4. WAM calls for dramatic change in the union leadership. Status quo leaders will not deliver the change workers need.
- Change comes through working class struggle, as it always has. The mis-leaders of labour are unwilling to mobilize the ranks of labour in mass job action to defend our rights, let alone to fight for substantial gains.
- Incumbent OFL executive members are known for flowery words, glossy images, and hardly any action -- except for occasional misguided support for the Liberal Party.
- The vague rhetoric of the OFL executive incumbents does not represent any meaningful change to the dismal track record of business unionism.

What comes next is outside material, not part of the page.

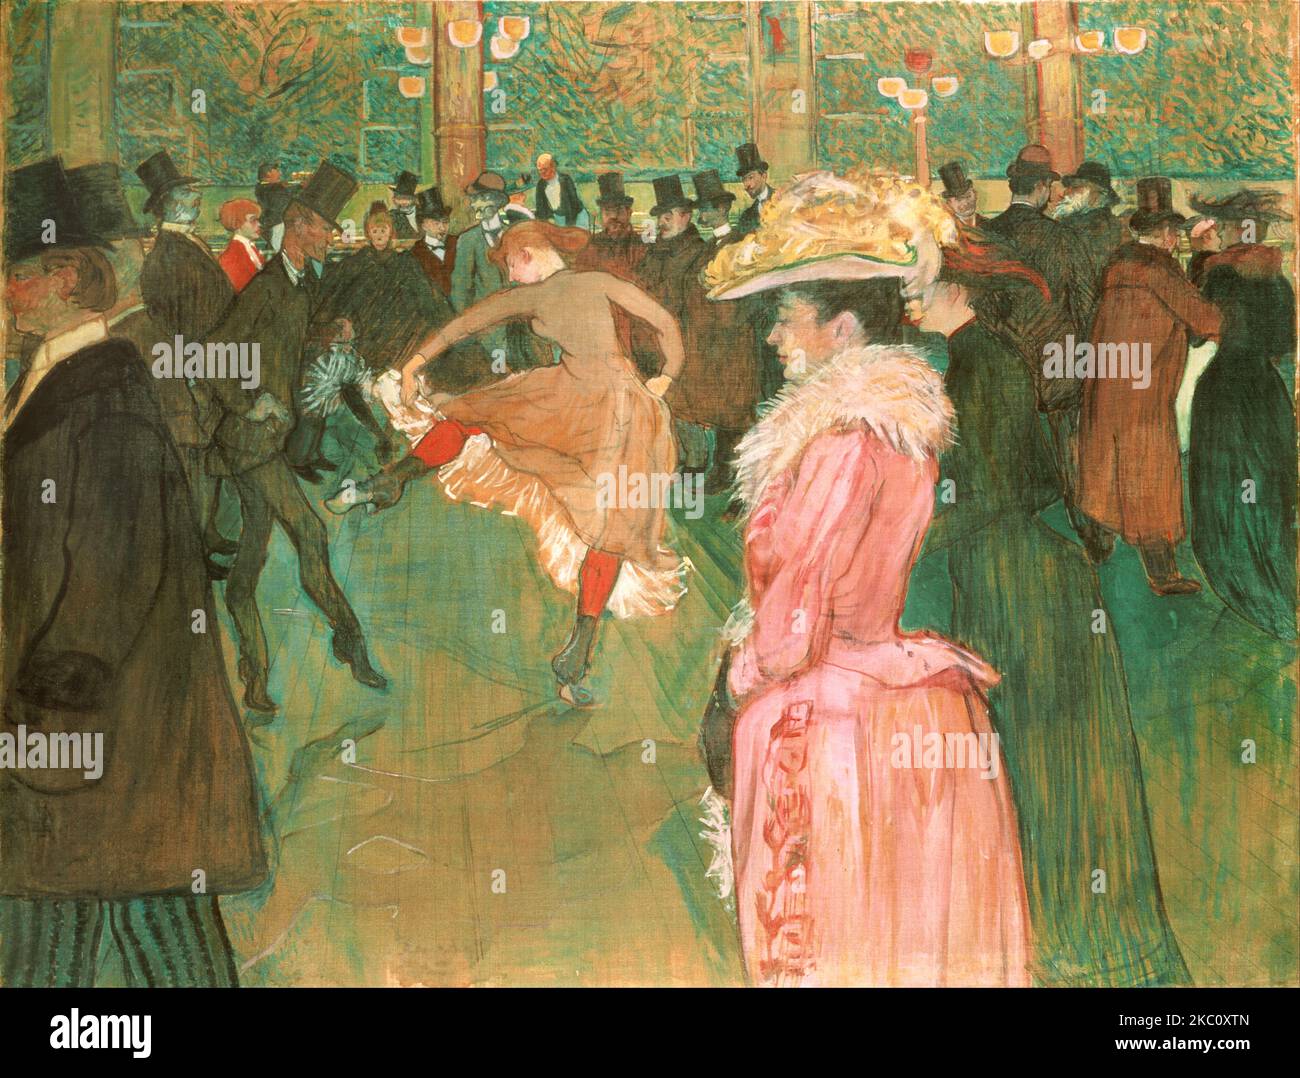 Henri de Toulouse-Lautrec - At the Moulin Rouge, The Dance - 1890 Stock Photo

- They have failed to champion the fight for no-concessions bargaining, for greater union democracy, or for mass job action to fight austerity. None have pushed hard for anti-racism, for Eco-socialism, to de-fund the police, or for any substantial challenge to business-as-usual within their own unions.
- They gloss over struggles against systemic racism, for Eco-socialism, and efforts to oppose Canadian imperialism.
- They don't commit to the labour-based NDP and, at the same time, vigorously fight for a Workers' Agenda within it.
- They lack a program for radical change.
5. WAM stands for democracy in the OFL and all unions.
- WAM set a precedent by standing up for democracy at the Ontario Federation of Labour Convention in November 2019 -- in a way not seen at an OFL convention in many years.
- WAM played a leading role in defeating an amendment to hold OFL Conventions only every 3 years. This change would have undermined accountability, transparency and union democracy.
- WAM candidate for OFL President, Barry Conway, received 36% of the vote -- double the support he got at the 2017 OFL Convention. WAM candidate for OFL Executive VP, Kurt Young, received 34%. The substantial vote for both WAM candidates set a high water-mark for class struggle politics.
- WAM campaigned for an end to concessions bargaining, two-tier wages, undemocratic union practices, and urged a general strike to "Dump Thug Ford."
- Establishment forces were visibly shaken by the sizable support won by WAM. Dozens of delegates joined WAM.
- WAM candidates for CLC Executive received up to 17 per cent of the votes cast by thousands of delegates at the CLC June online convention.
- Now is the time to organize for radical change at the November 2021 OFL Convention.
- We encourage every organized worker to become a delegate.
- Together, we can intervene in debates on issues as they come to the floor, and we can vote for new leadership.
6. It is time for serious change. Only WAM offers that alternative.
- In the context of the pandemic, a common phrase we hear is ‘Build back better.’ But many of the problems that we face today are the result of the conditions working people have suffered for decades. We need to go forward, not back.
- It's time to fight for a $20 an hour minimum wage, for public ownership of the pharmaceutical industry, the giant telecoms, the huge retail chains, Big Oil and Gas, the banks, and private Long Term Care centers.
- OFL elected officers should be paid no more than the average salary of the workers they represent. Union members should be able to vote directly on bargaining demands, on contract ratification and on proposals for mass job action. Unions should make a priority of unity in action with social justice movements, international solidarity causes and environmental protection campaigns. Give life to the vision that together we can -- we must build a better world.
With militant, democratic, courageous leadership, nothing can stop the power of the working class.